*About this task*. Return all the lines below exactly. Any picture among them is omitted.

*Data*.
----

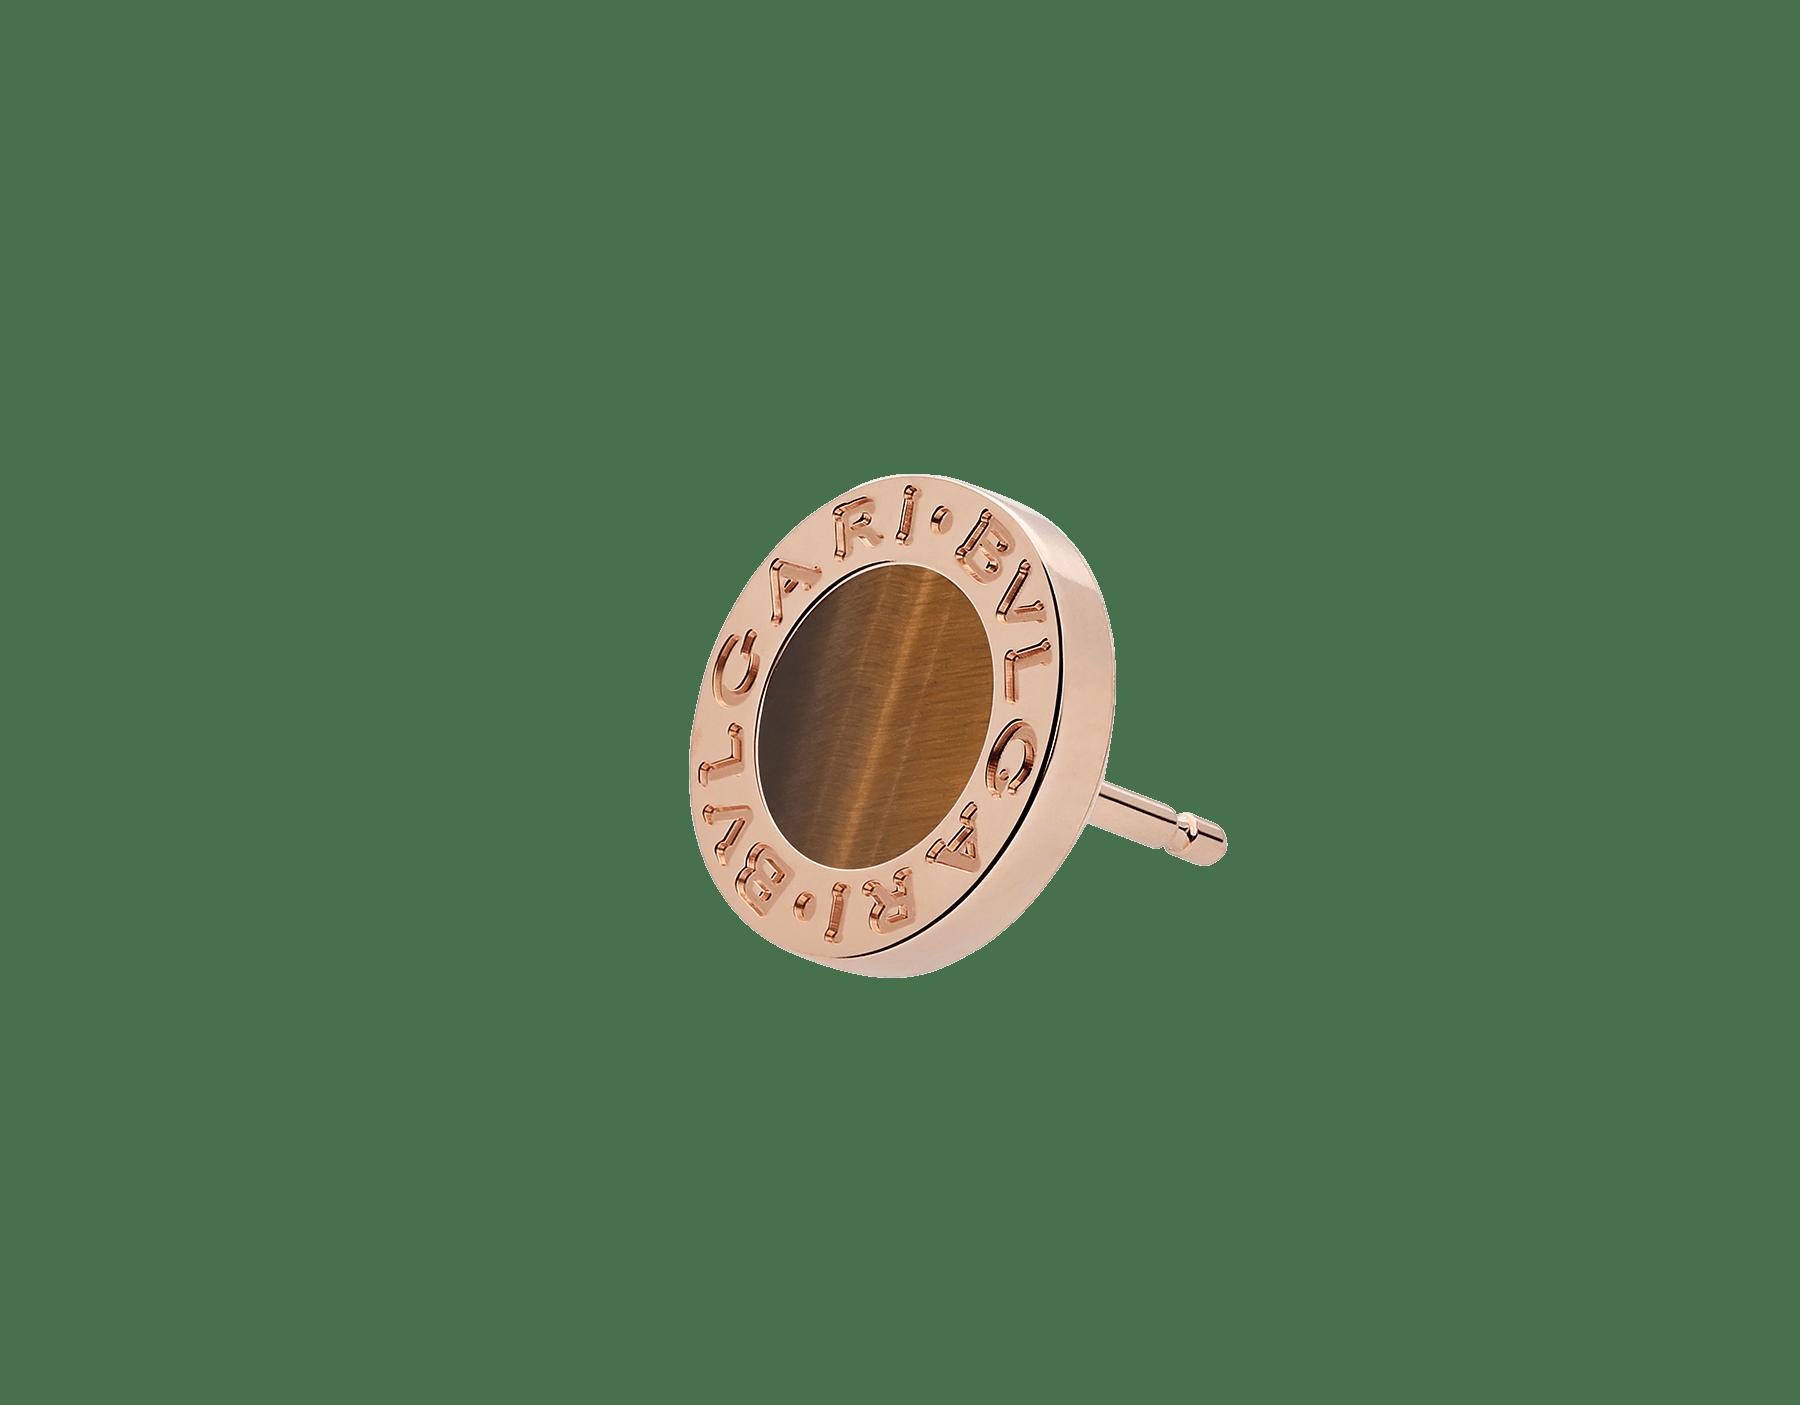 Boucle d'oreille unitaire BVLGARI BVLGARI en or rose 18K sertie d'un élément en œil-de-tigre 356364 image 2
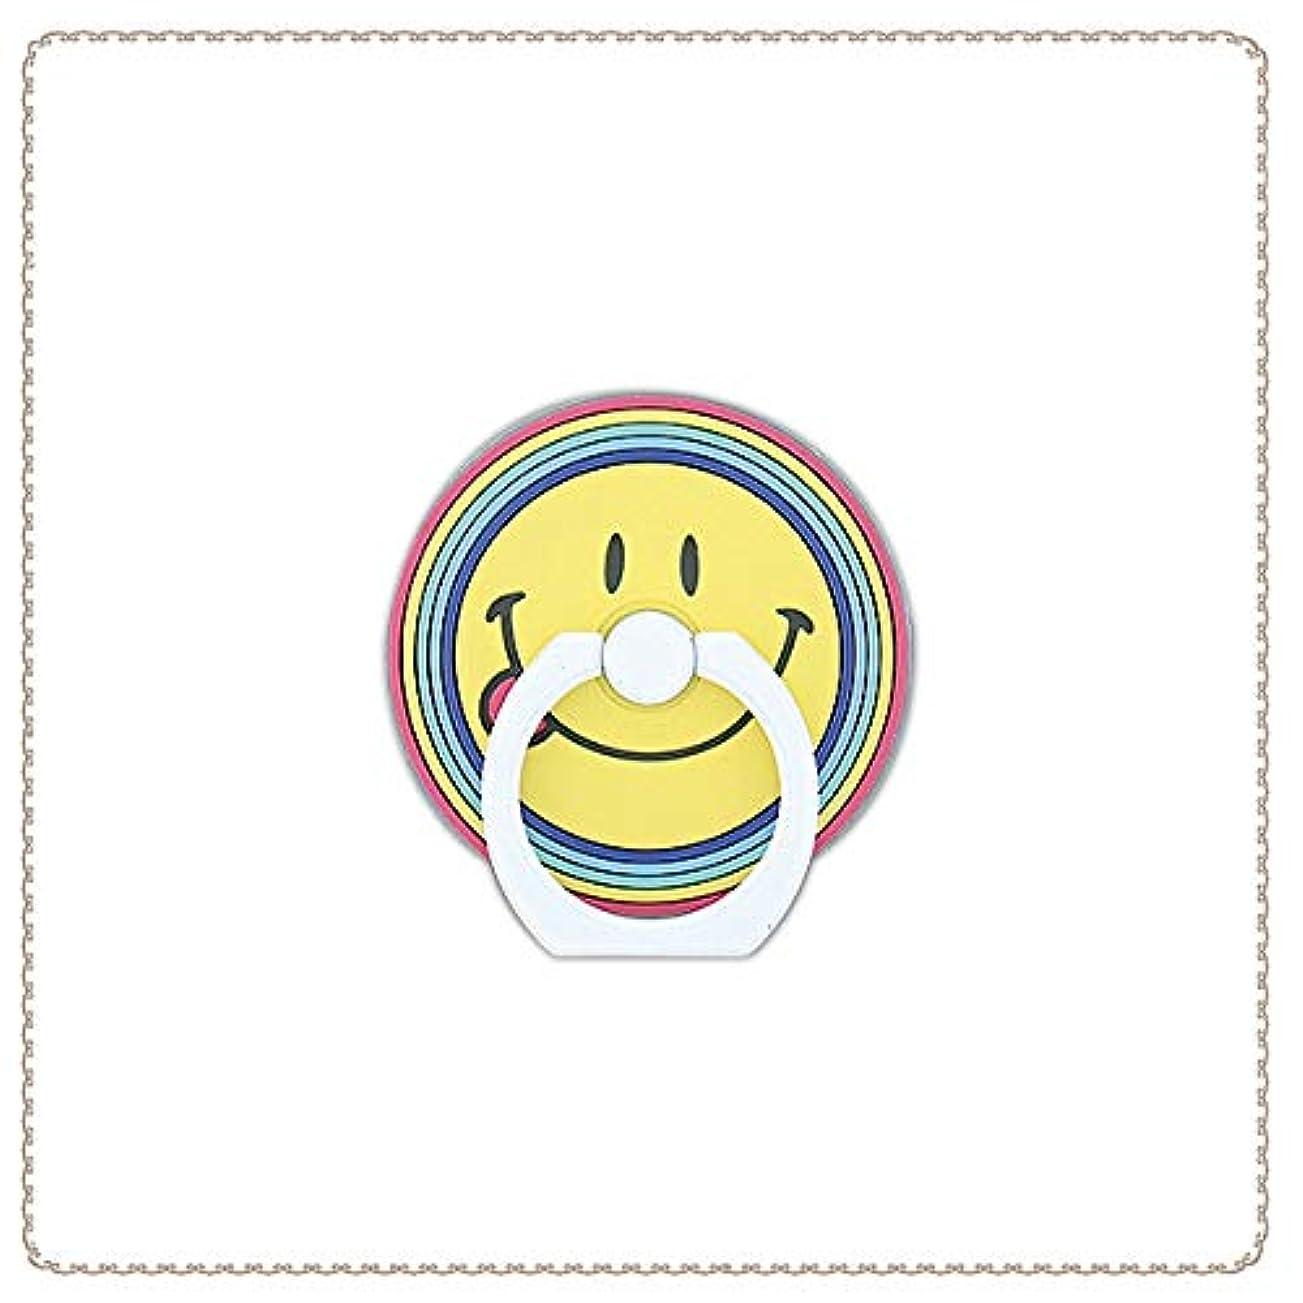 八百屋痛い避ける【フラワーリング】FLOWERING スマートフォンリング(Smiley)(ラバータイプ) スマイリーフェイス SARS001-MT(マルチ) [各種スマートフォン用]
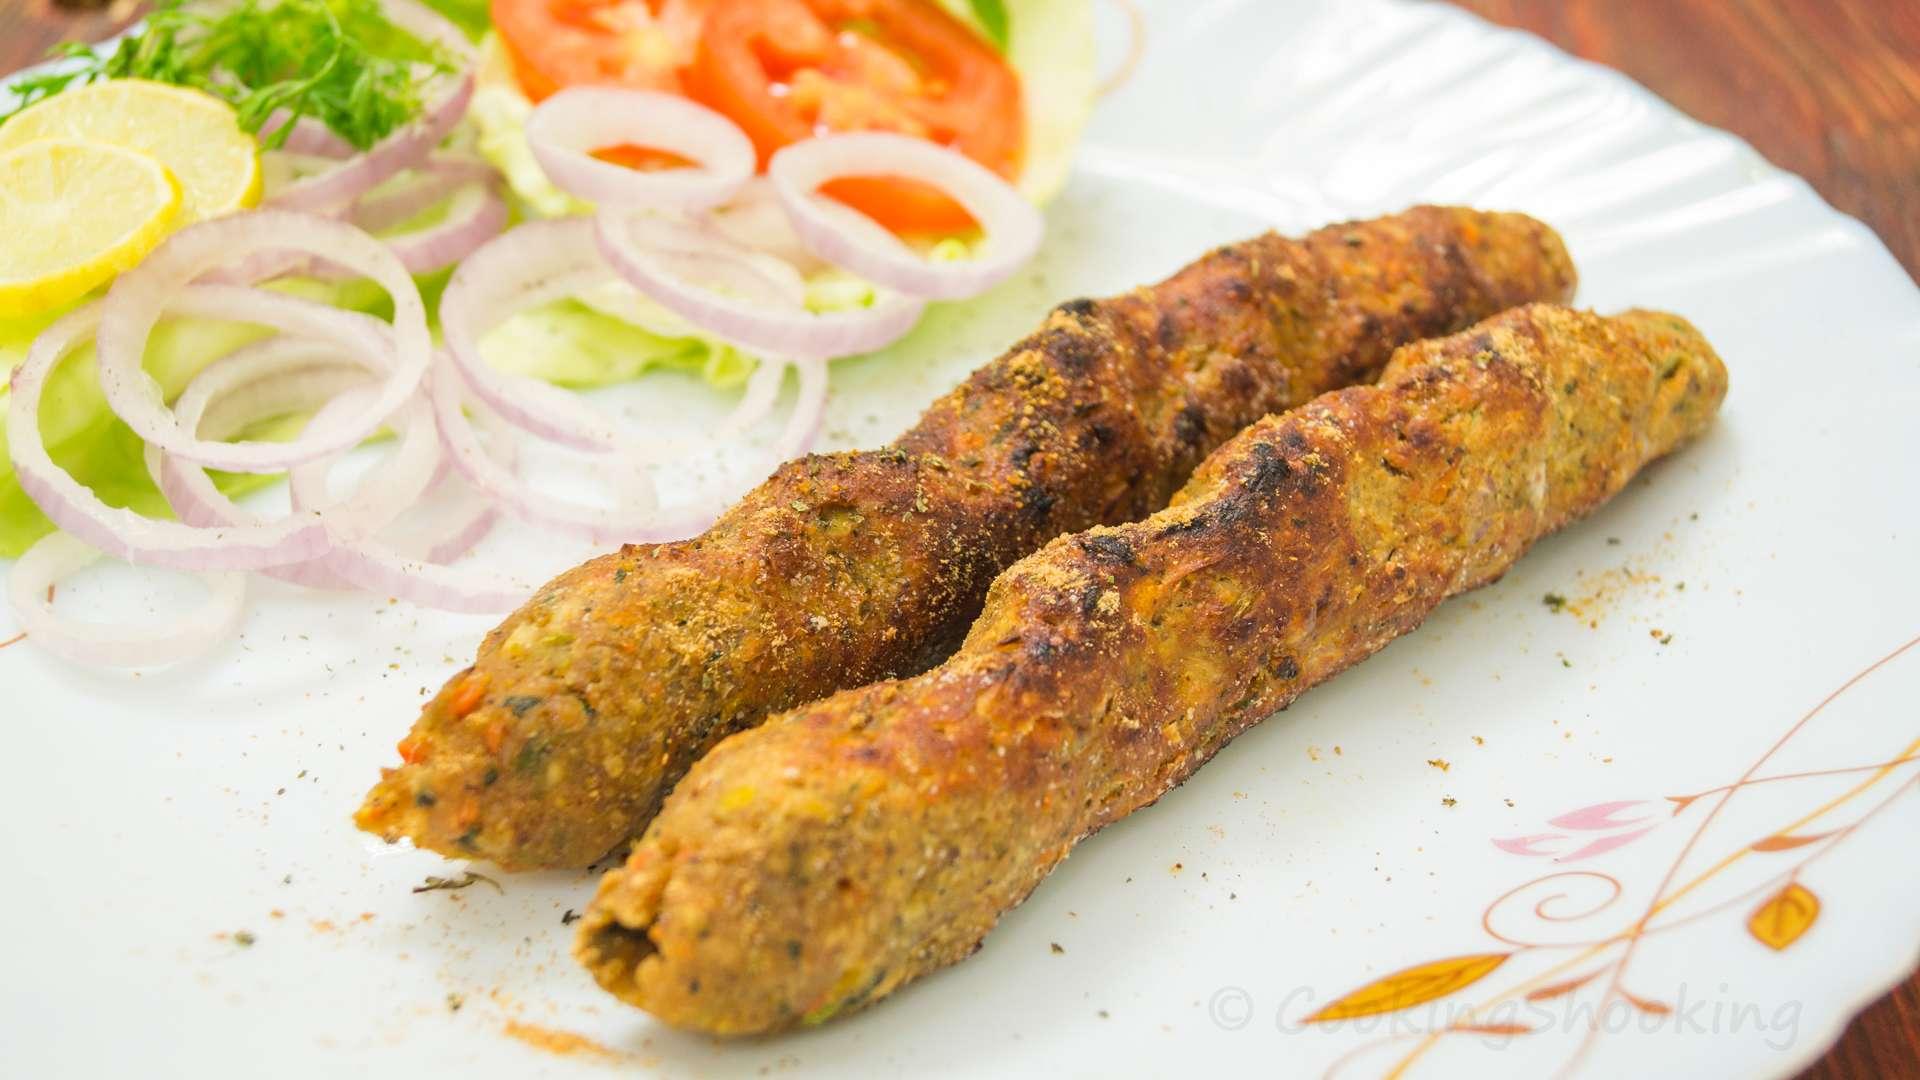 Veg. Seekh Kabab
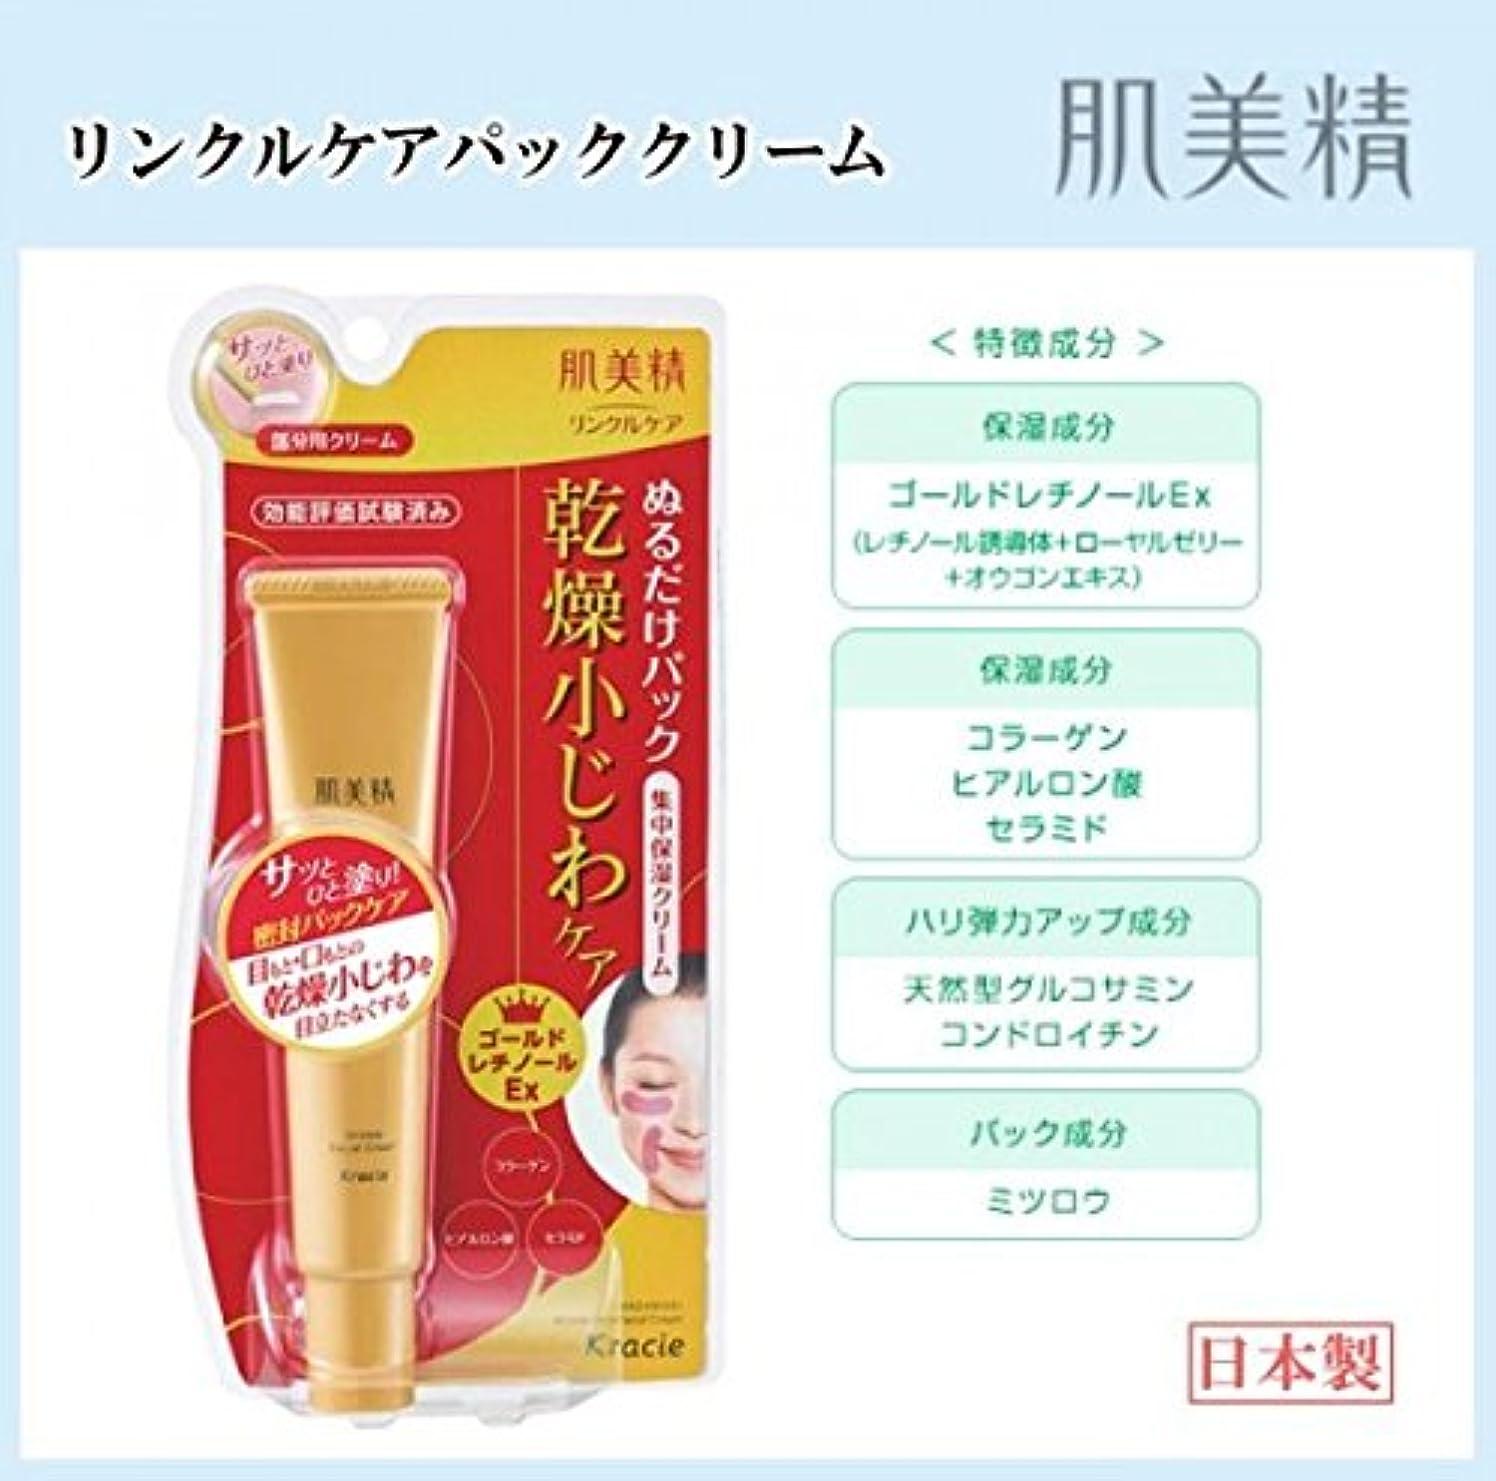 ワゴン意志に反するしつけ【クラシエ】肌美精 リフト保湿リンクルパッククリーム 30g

----

*Solution for this task*.
 Boucle d'oreille unitaire BVLGARI BVLGARI en or rose 18K sertie d'un élément en œil-de-tigre 356364 image 2
 八百屋痛い避ける【フラワーリング】FLOWERING スマートフォンリング(Smiley)(ラバータイプ) スマイリーフェイス SARS001-MT(マルチ) [各種スマートフォン用]
 Veg. Seekh Kabab
 ワゴン意志に反するしつけ【クラシエ】肌美精 リフト保湿リンクルパッククリーム 30g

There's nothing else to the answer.